#### [Task description]
Please retype the data below exactly, stopping after the line with "非晶薄膜光伏组件安装手册(中国)" and skipping every picture.

#### [Collected material]
*** Block opens ***

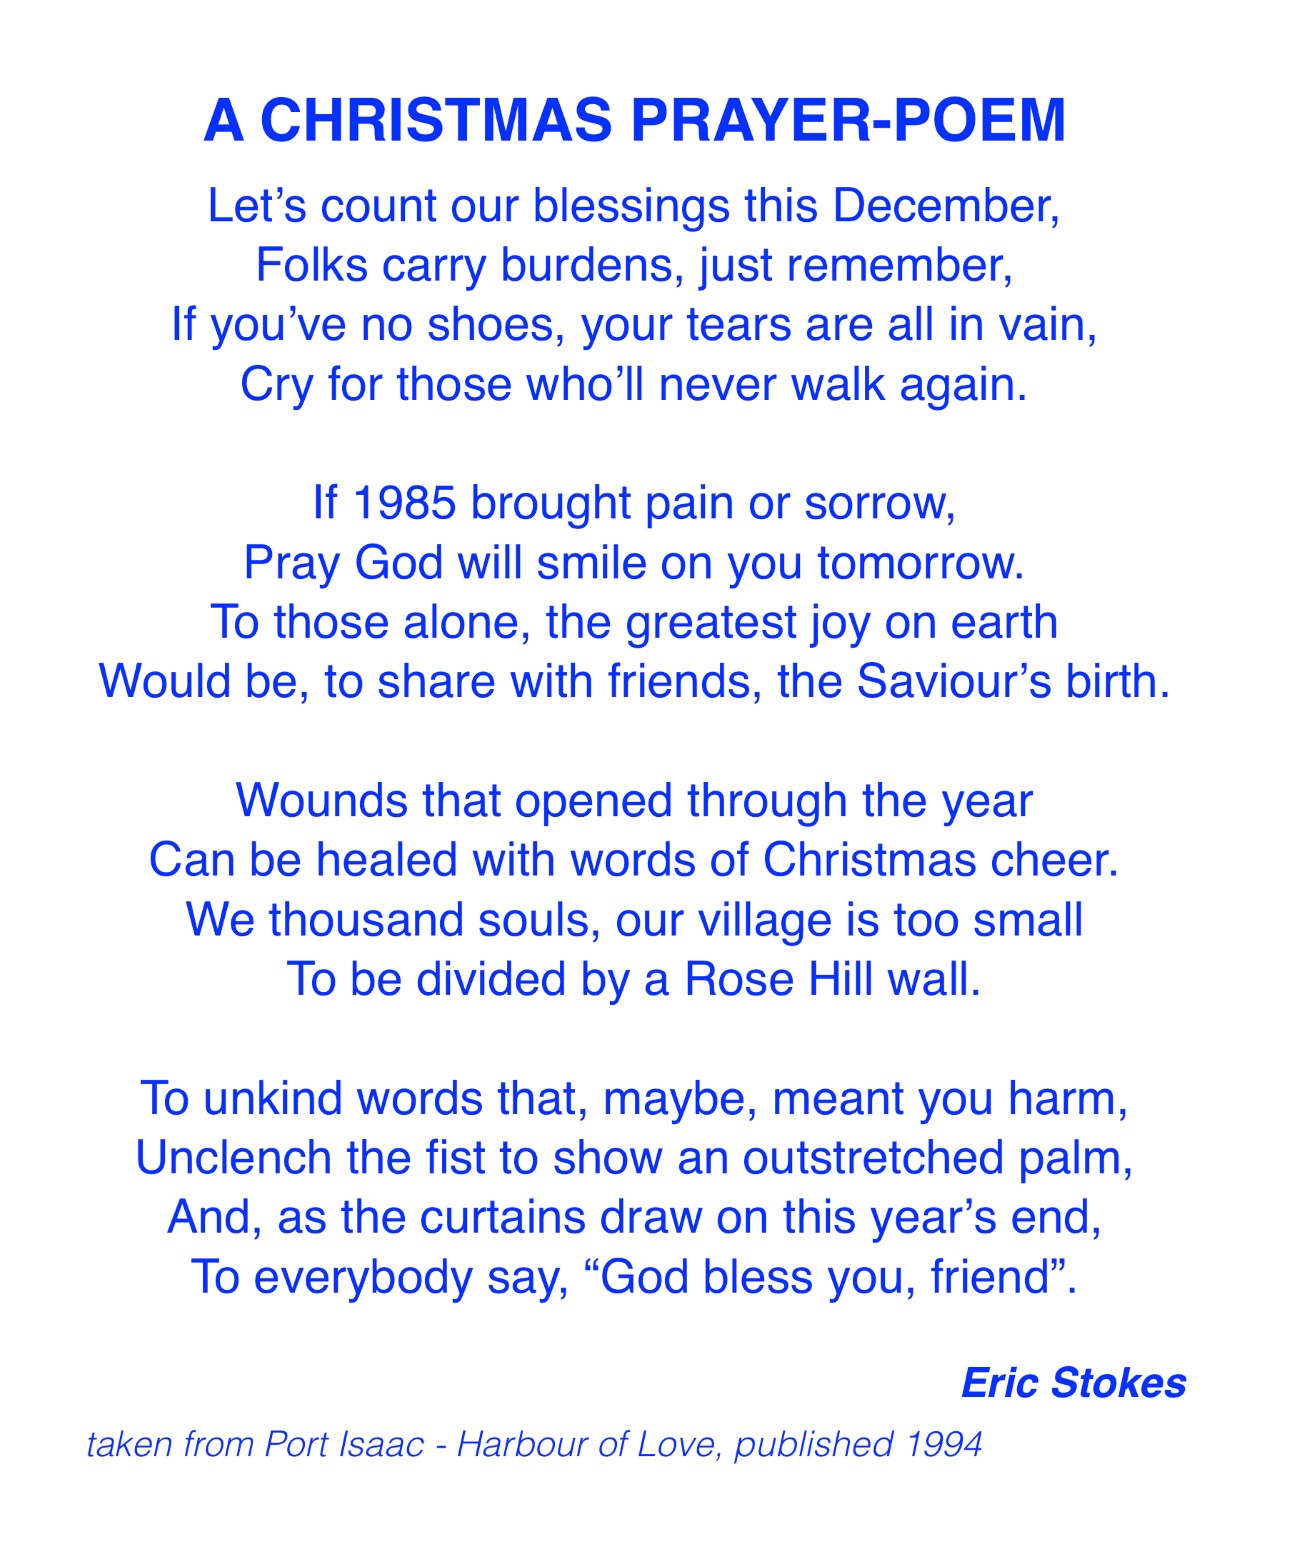 A Christmas Prayer-Poem
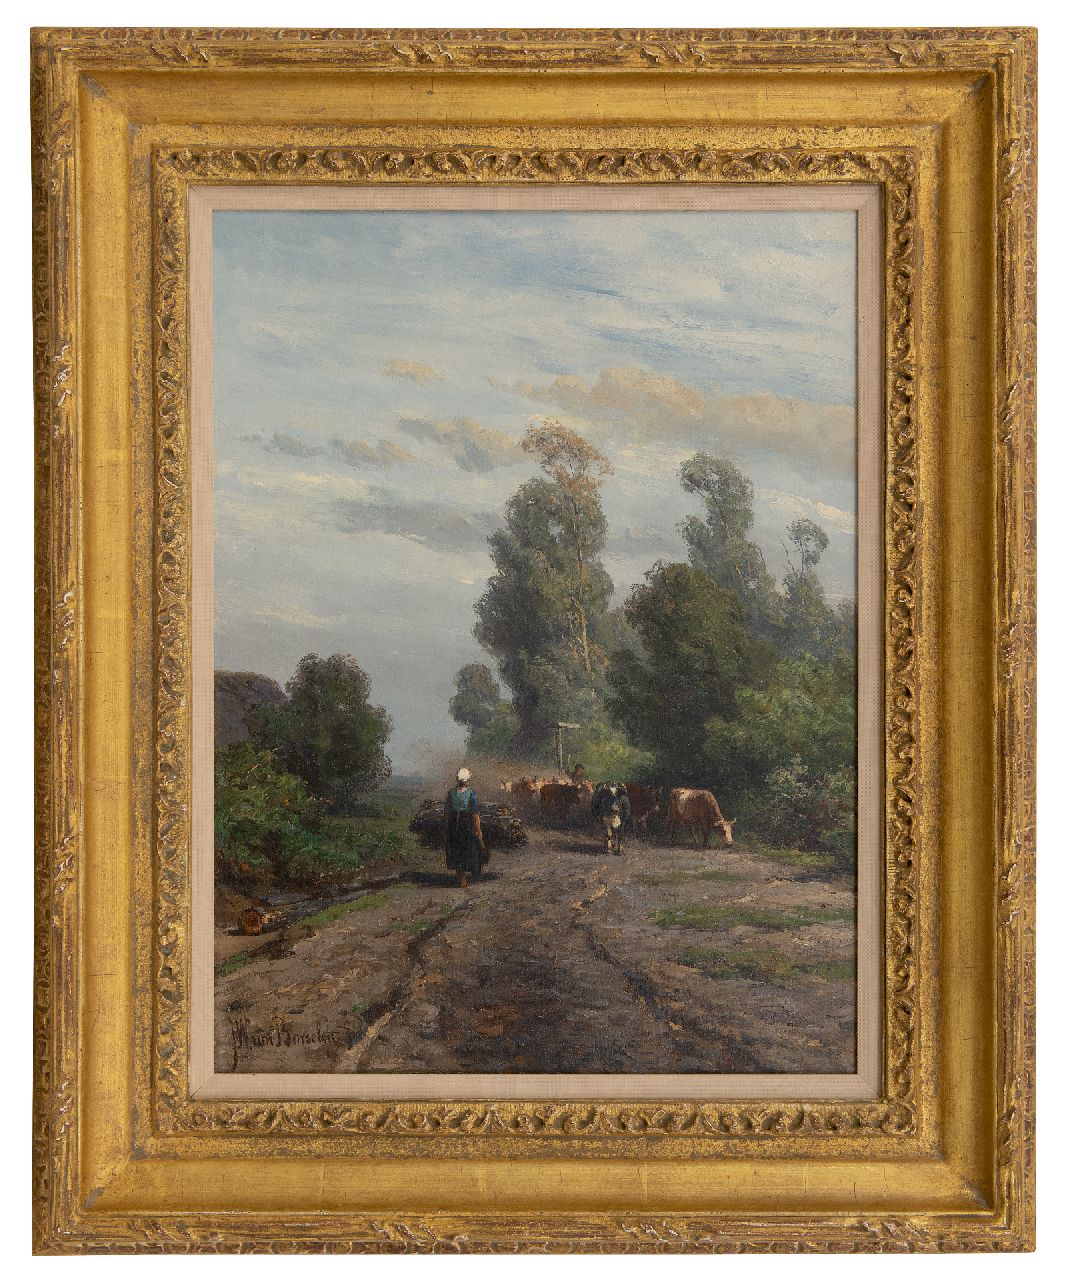 Borselen J.W. van | Jan Willem van Borselen | Schilderijen te koop aangeboden | Zomerlandschap met kudde en herder, olieverf op doek 40,9 x 31,0 cm, gesigneerd linksonder
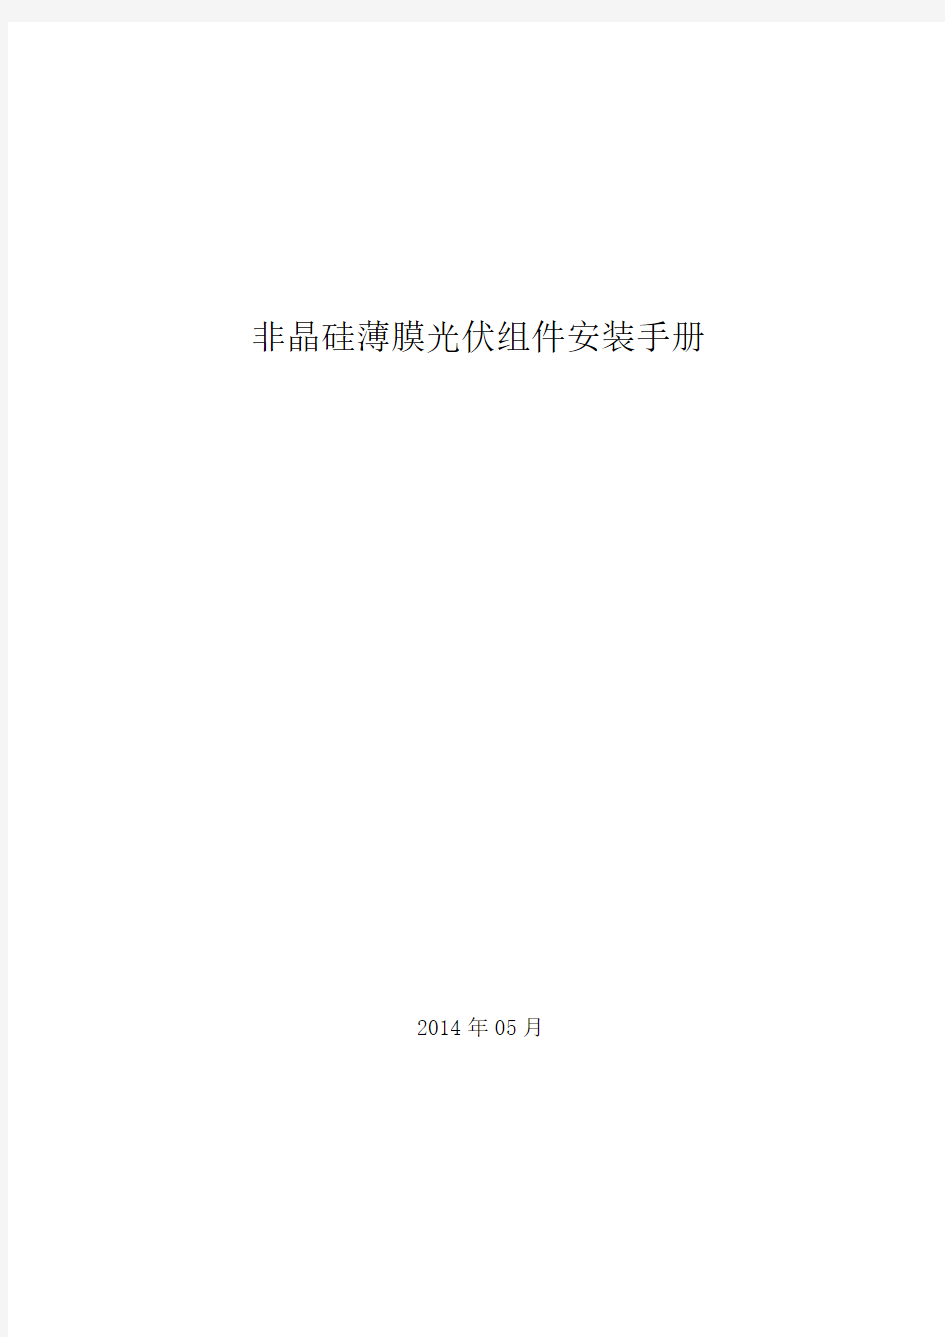 非晶薄膜光伏组件安装手册(中国)
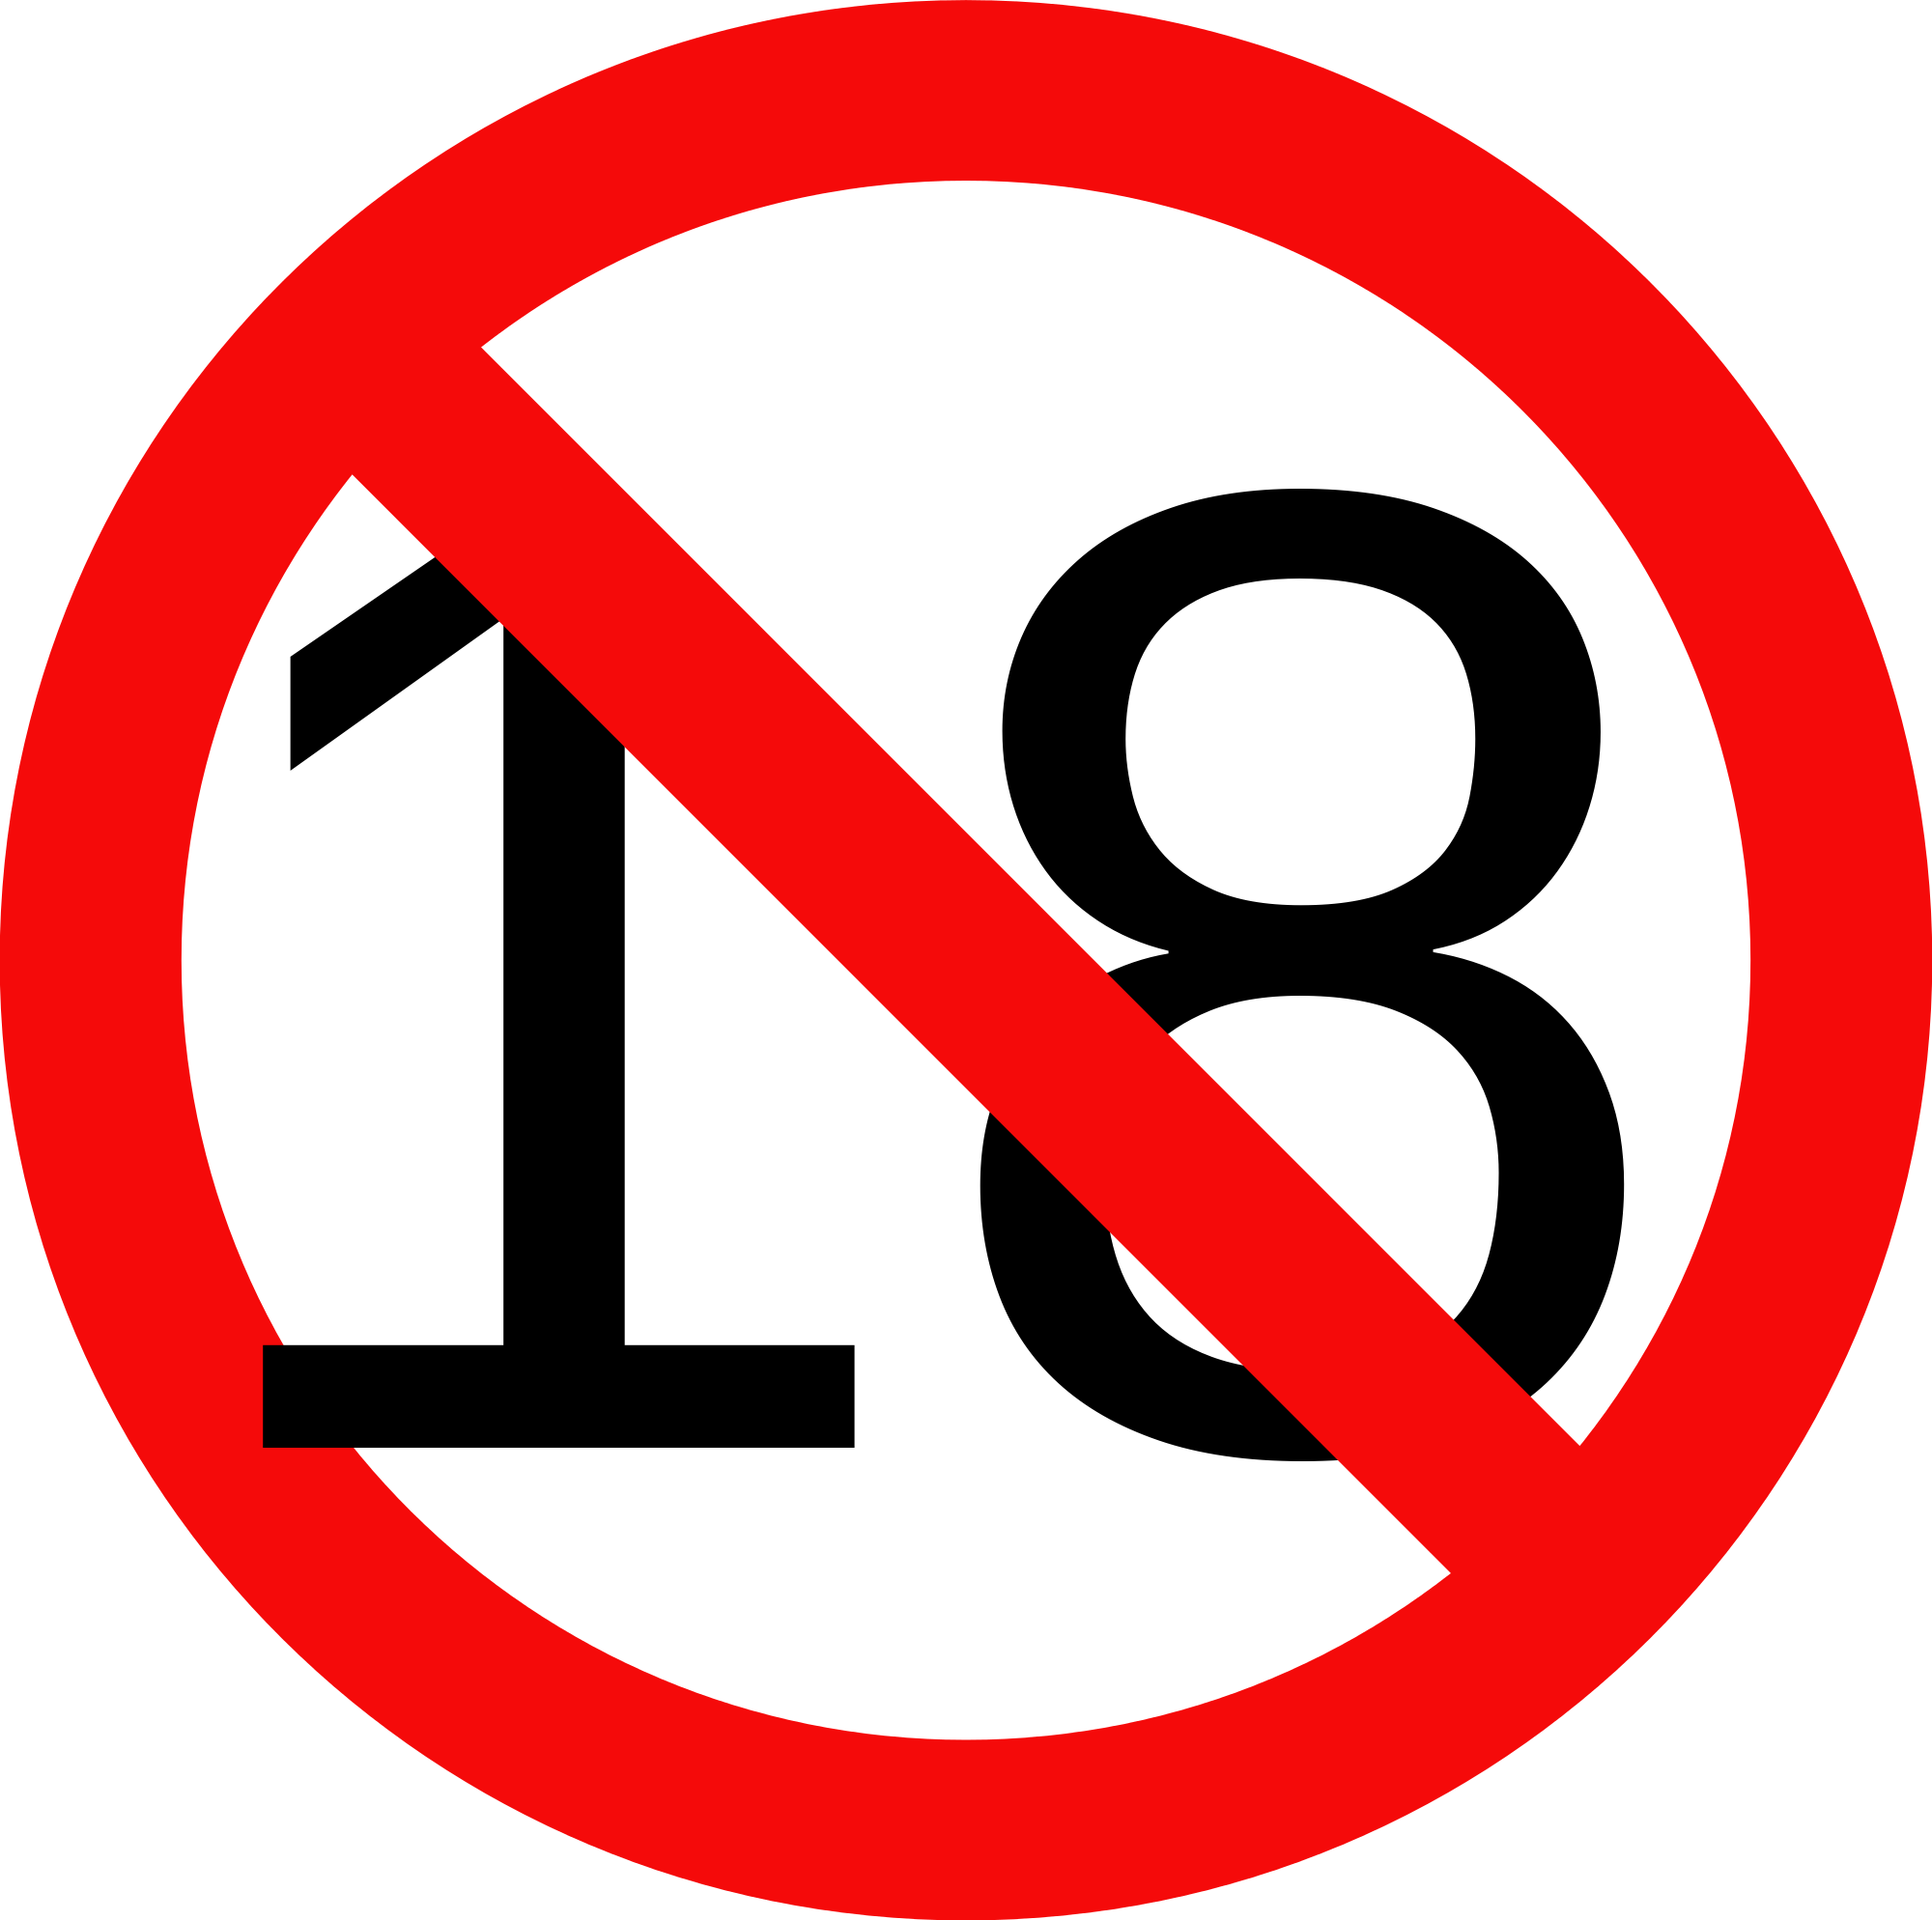 18 icon. Знак 18 +. Ограничение 18 на прозрачном фоне. Знак 18 без фона. Знак 18 на прозрачном фоне.

*** Block closes ***

#### [Reply]
 A Christmas Prayer-Poem
 Borselen J.W. van | Jan Willem van Borselen | Schilderijen te koop aangeboden | Zomerlandschap met kudde en herder, olieverf op doek 40,9 x 31,0 cm, gesigneerd linksonder
 非晶薄膜光伏组件安装手册(中国)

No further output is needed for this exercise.